DeepSeek V4 Video Official Logo - Next-Gen AI Video SynthesisDeepSeek V4 Video ドキュメント

Seedance 2.0 Reference Input Guide

Use 1 to 3 reference images more effectively in Seedance 2.0 to lock identity, product geometry, and scene consistency.

Reference-to-video is not just “image-to-video with more files.” It is the mode you use when stability is the assignment.

In the current Seedance 2.0 workflow, the reference path is built around one to three reference images. That is enough for most use cases, as long as each image has a clear role.

When to choose reference-to-video

Use reference-to-video when your biggest risk is drift:

  • face identity changes
  • the product changes shape
  • hands break during interaction
  • wardrobe or props mutate
  • the scene loses continuity across retries

If you only need to animate a still image, image-to-video is simpler. Use reference-to-video when continuity matters more than simplicity.

Give each reference a job

The cleanest reference workflows usually assign roles like this:

ReferenceBest role
Image 1main identity or hero object
Image 2supporting angle, outfit, or product detail
Image 3optional color, environment, or secondary continuity cue

Do not upload three images that all fight each other on pose, lighting, and styling. More references only help when they are aligned.

What makes a strong reference set

Your references should agree on the things you want preserved:

  • same person or same product
  • compatible lighting logic
  • compatible styling
  • similar quality level

Your references should not disagree on:

  • age or face shape
  • product proportions
  • costume color
  • camera distance

Conflicting references make the model average them, which is where drift starts.

The best prompt structure for reference mode

In reference mode, the order changes slightly:

  1. state the stability rule
  2. define the action
  3. define one camera move
  4. define style
  5. define constraints

Example:

@Image1 creator identity remains consistent, holds the skincare bottle near the face, subtle push-in, soft daylight beauty review setup, no face drift no finger artifacts no bottle shape change

The key difference is that consistency comes before atmosphere.

When reference mode is the better answer

Reference-to-video is usually the better choice when:

  • a creator must remain recognizable
  • a product demo depends on accurate shape
  • hands are touching the hero object
  • multiple retries need to stay on-brand
  • you are building a sequence from several short clips

This is especially relevant for:

  • UGC ads
  • beauty demos
  • packaging shots
  • fashion accessories
  • creator explainers

Common reference mistakes

Using references to solve a prompt problem

If the scene is vague, references will not save it.
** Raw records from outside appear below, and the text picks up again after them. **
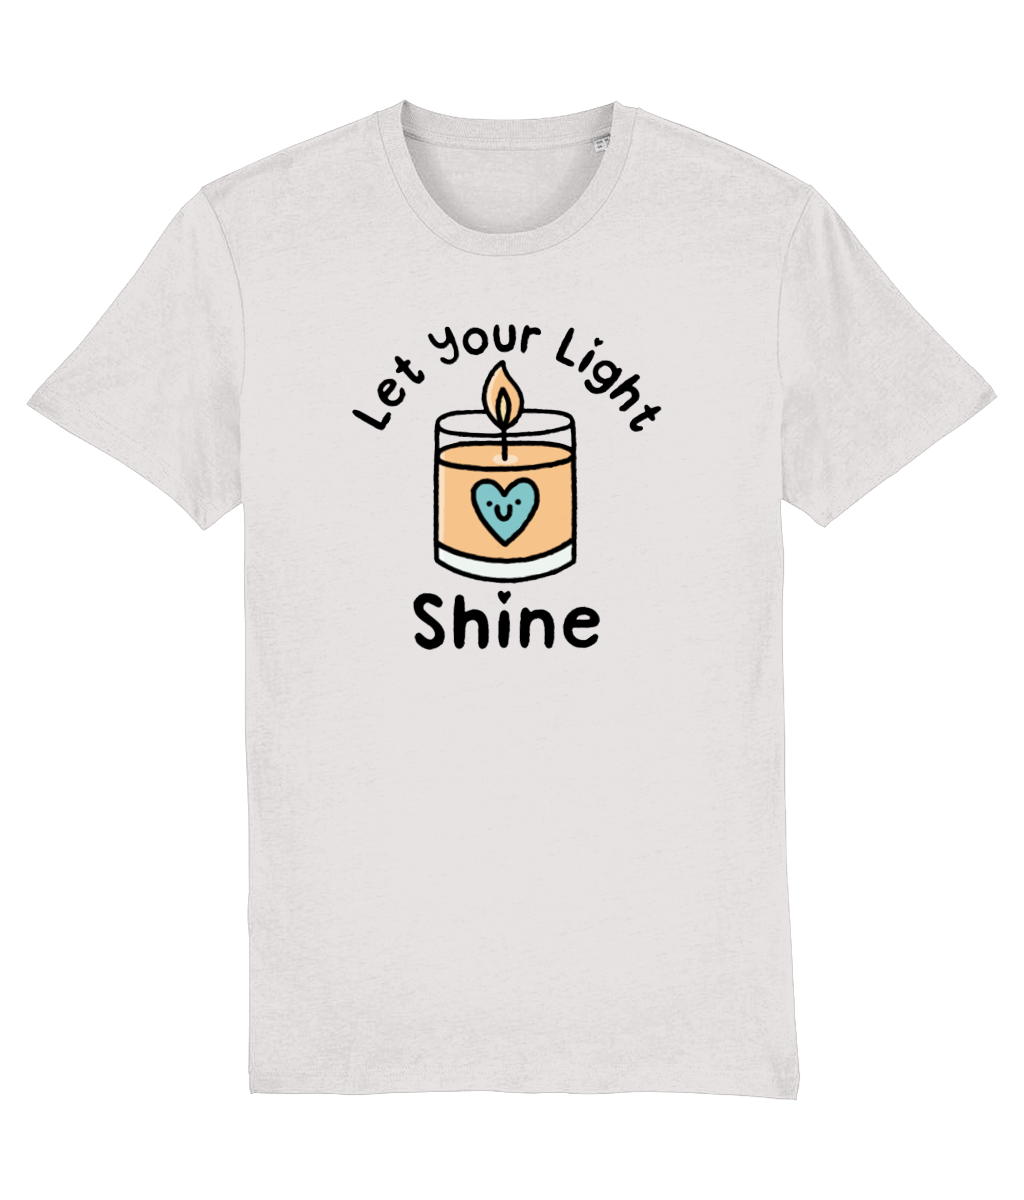 Pawsitivity T-Shirt - Let Your Light Shine (Multi Colours Available)
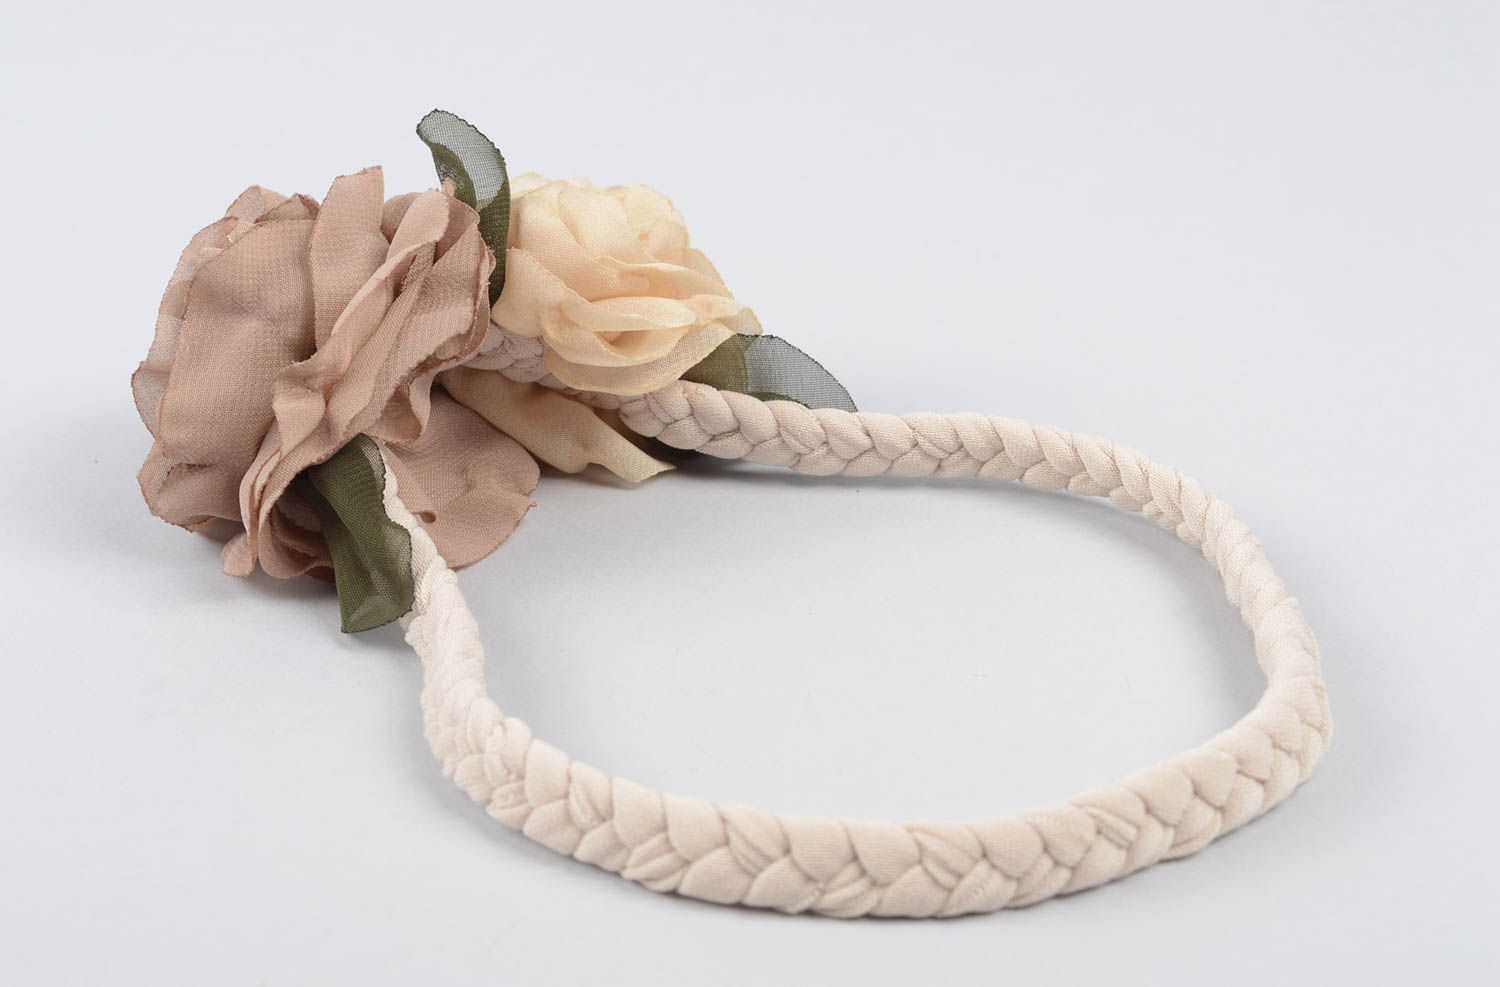 Handmade flower headband stylish hair ornaments hair style ideas gifts for her photo 1
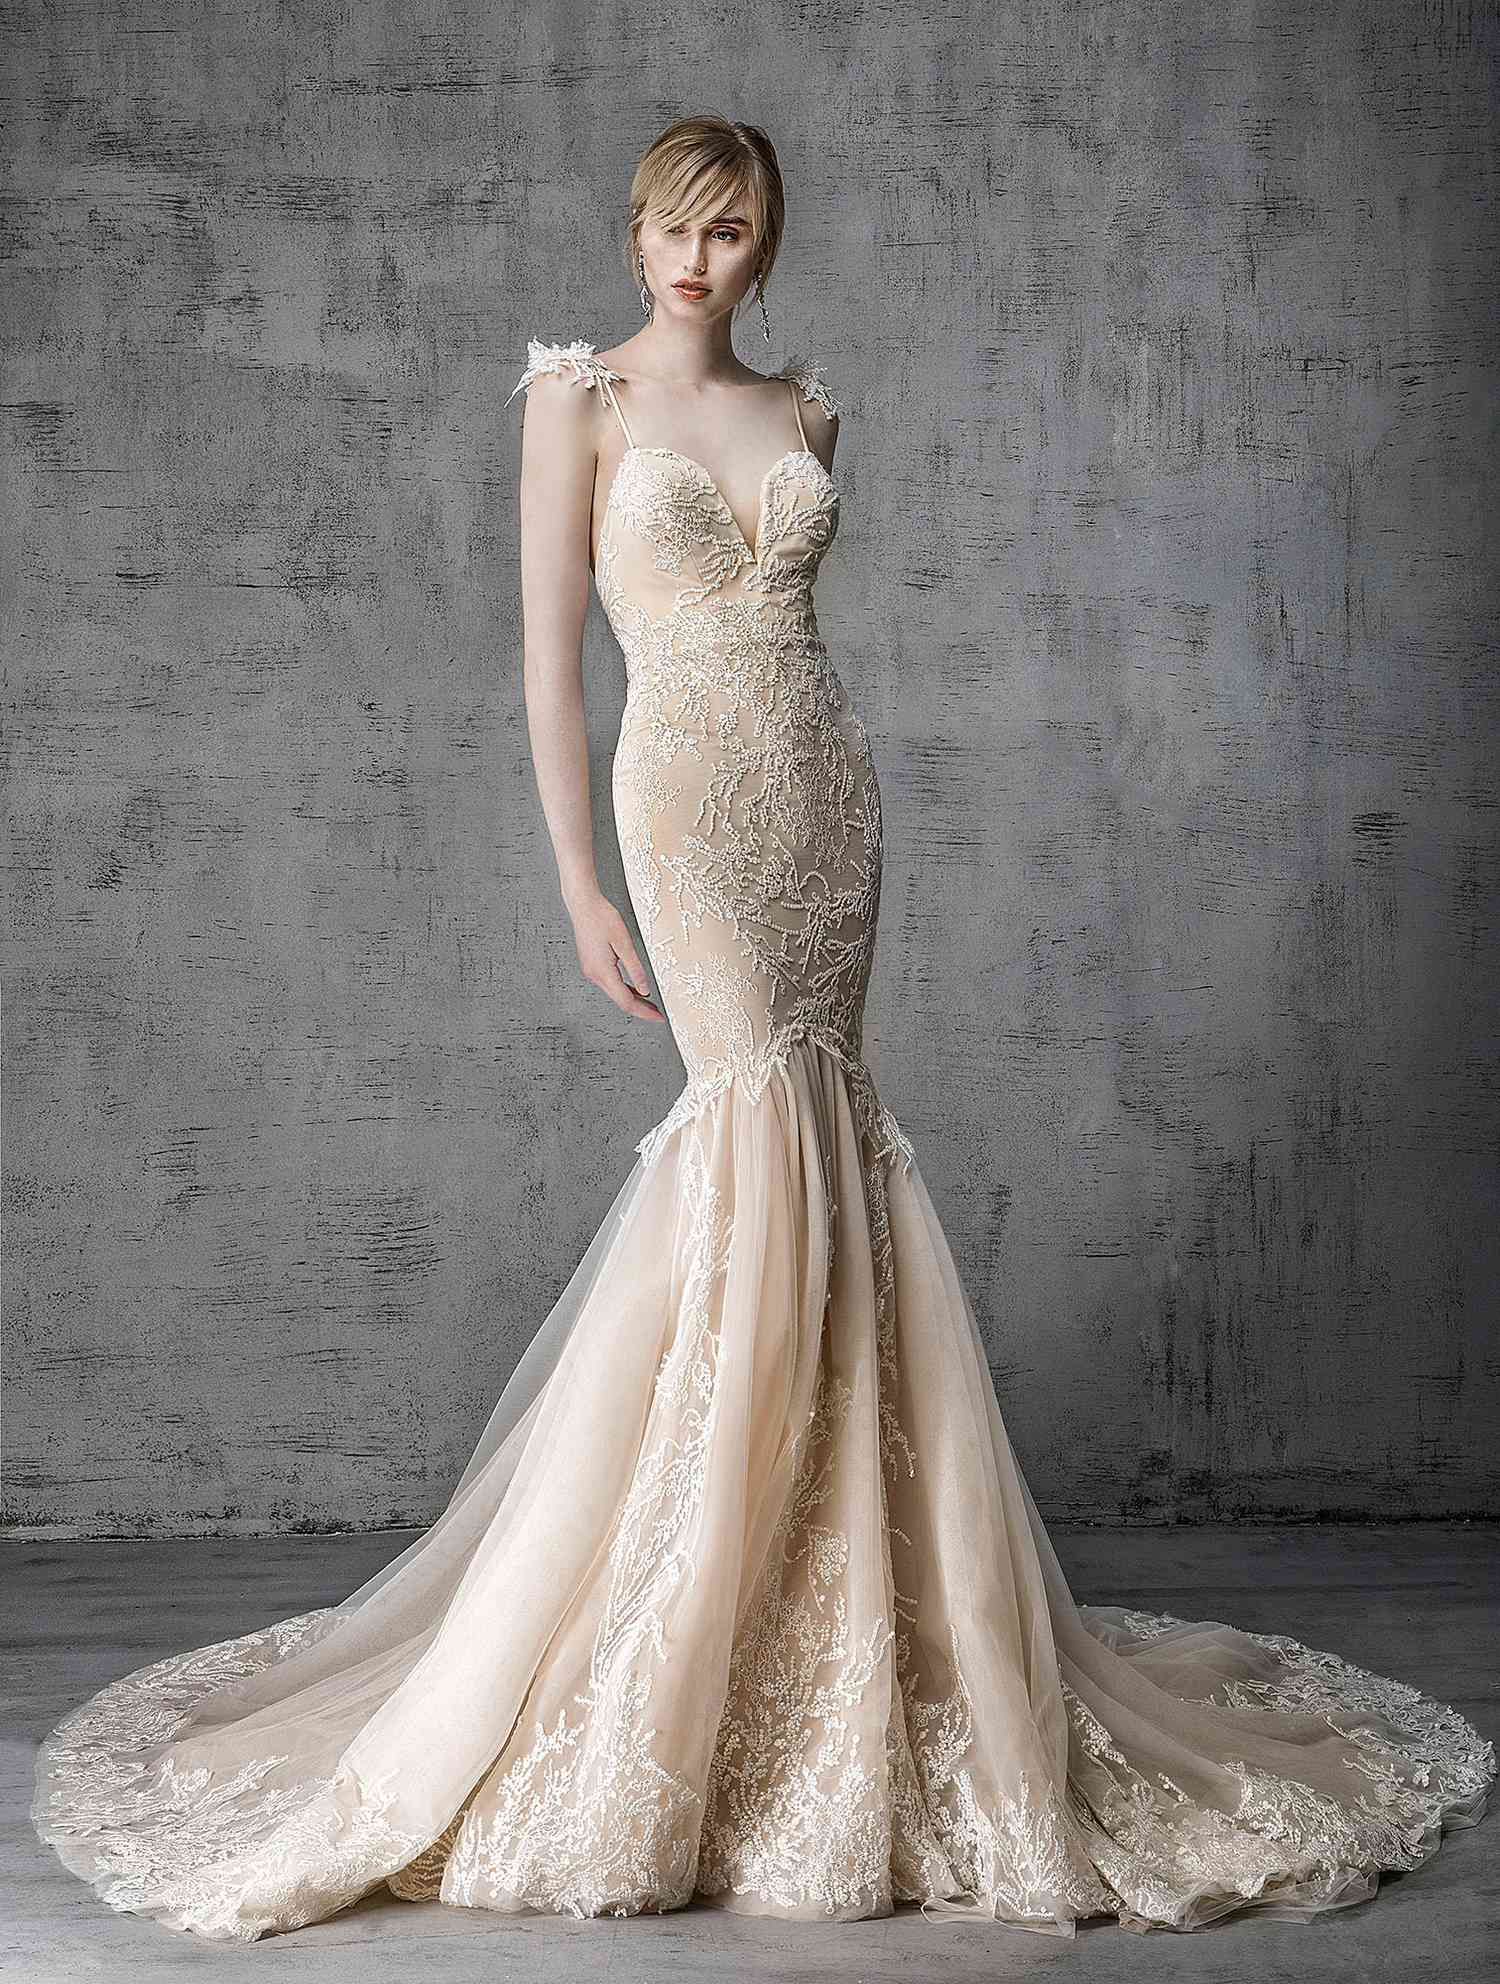 victoria kyriakides wedding dress spring 2019 champagne spaghetti-strap shoulder detail
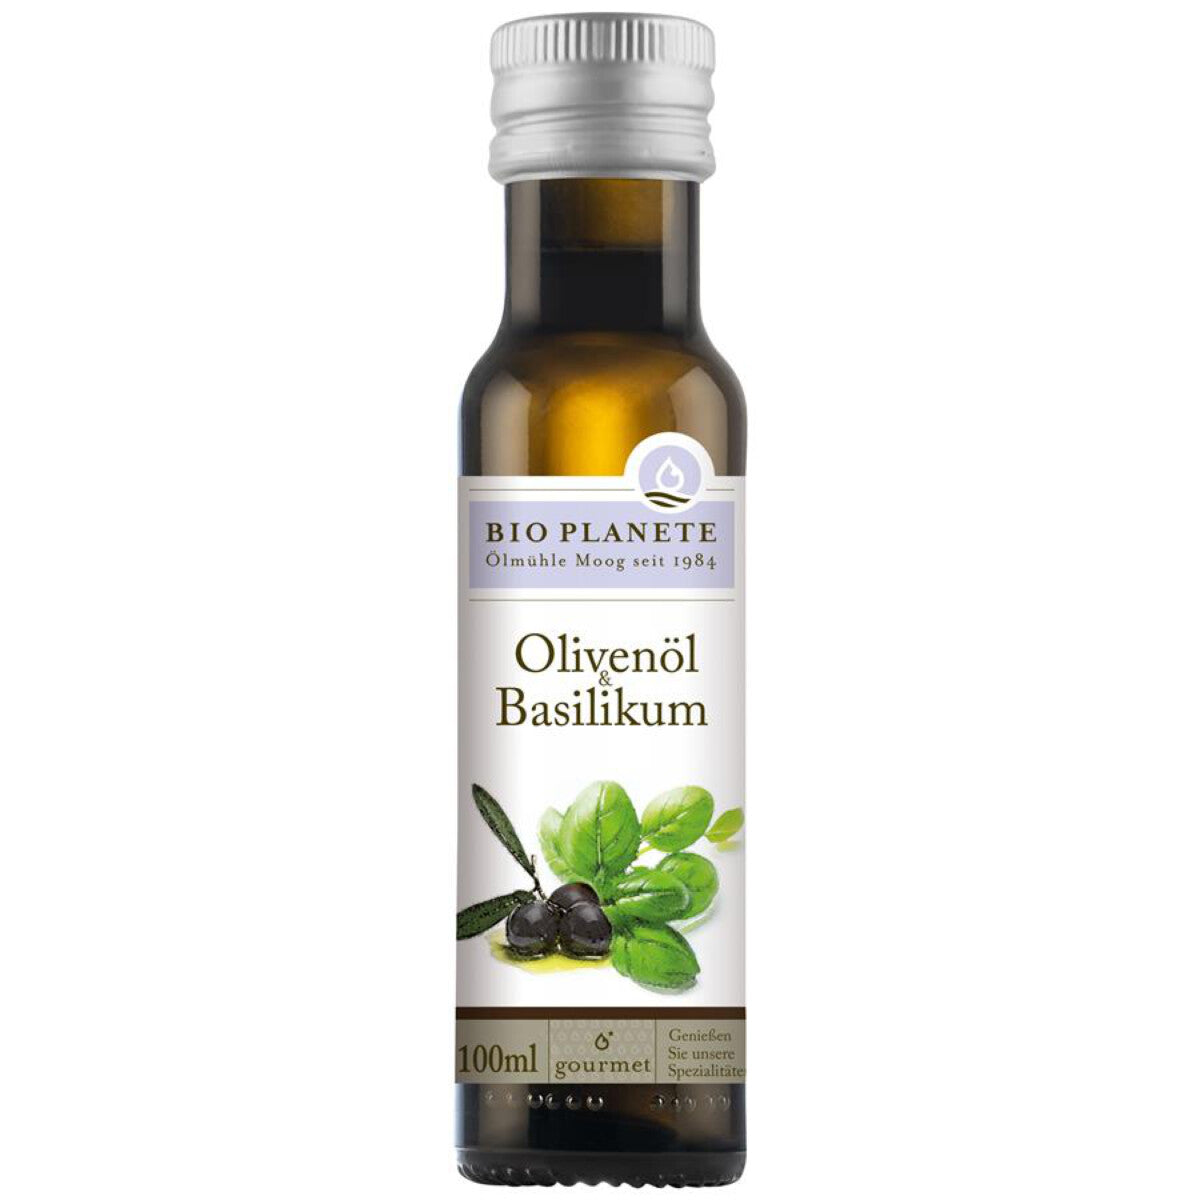 BIO PLANETE Olivenöl & Basilikum - 0,1 l

You still need:

  • one clear action
  • one camera instruction
  • one stable visual hierarchy

Using too many visual ideas in one shot

Reference mode is for protecting continuity, not for asking the model to do everything at once. Keep the shot narrow:

  • one action
  • one hero subject
  • one focal intention

Forgetting to protect hands

If hands are on screen, say so in the negative prompt. Hand stability does not improve just because references exist.

A simple reference workflow

For creators

  • Image 1: clear face and upper-body anchor
  • Image 2: product hold or outfit support
  • Prompt: one speaking or holding action only

For products

  • Image 1: clean hero packshot
  • Image 2: alternate angle or material detail
  • Prompt: one reveal or one hold, not a full mini-commercial

For characters

  • Image 1: identity anchor
  • Image 2: costume or silhouette support
  • Image 3: optional environment palette if it does not conflict

Failure modes and fixes

ProblemLikely causeFirst fix
Face changes across framesreferences conflict or action is too bigreduce pose change and use one clearer anchor
Product shape driftstoo much camera motionsimplify the move and name geometry preservation
Hands still breakthe hand action is too expressiveuse a simpler gesture and strengthen hand constraints
Output looks stiffcontinuity rules are too dominantkeep the lock rule, then add one subtle motion layer

When to switch back out of reference mode

If you notice that the output is stable but too stiff, that may mean the problem is no longer continuity. At that point:

  • switch to image-to-video if the first frame matters most
  • switch to text-to-video if you want broader creative exploration

Reference mode is strongest when protecting identity is the main objective.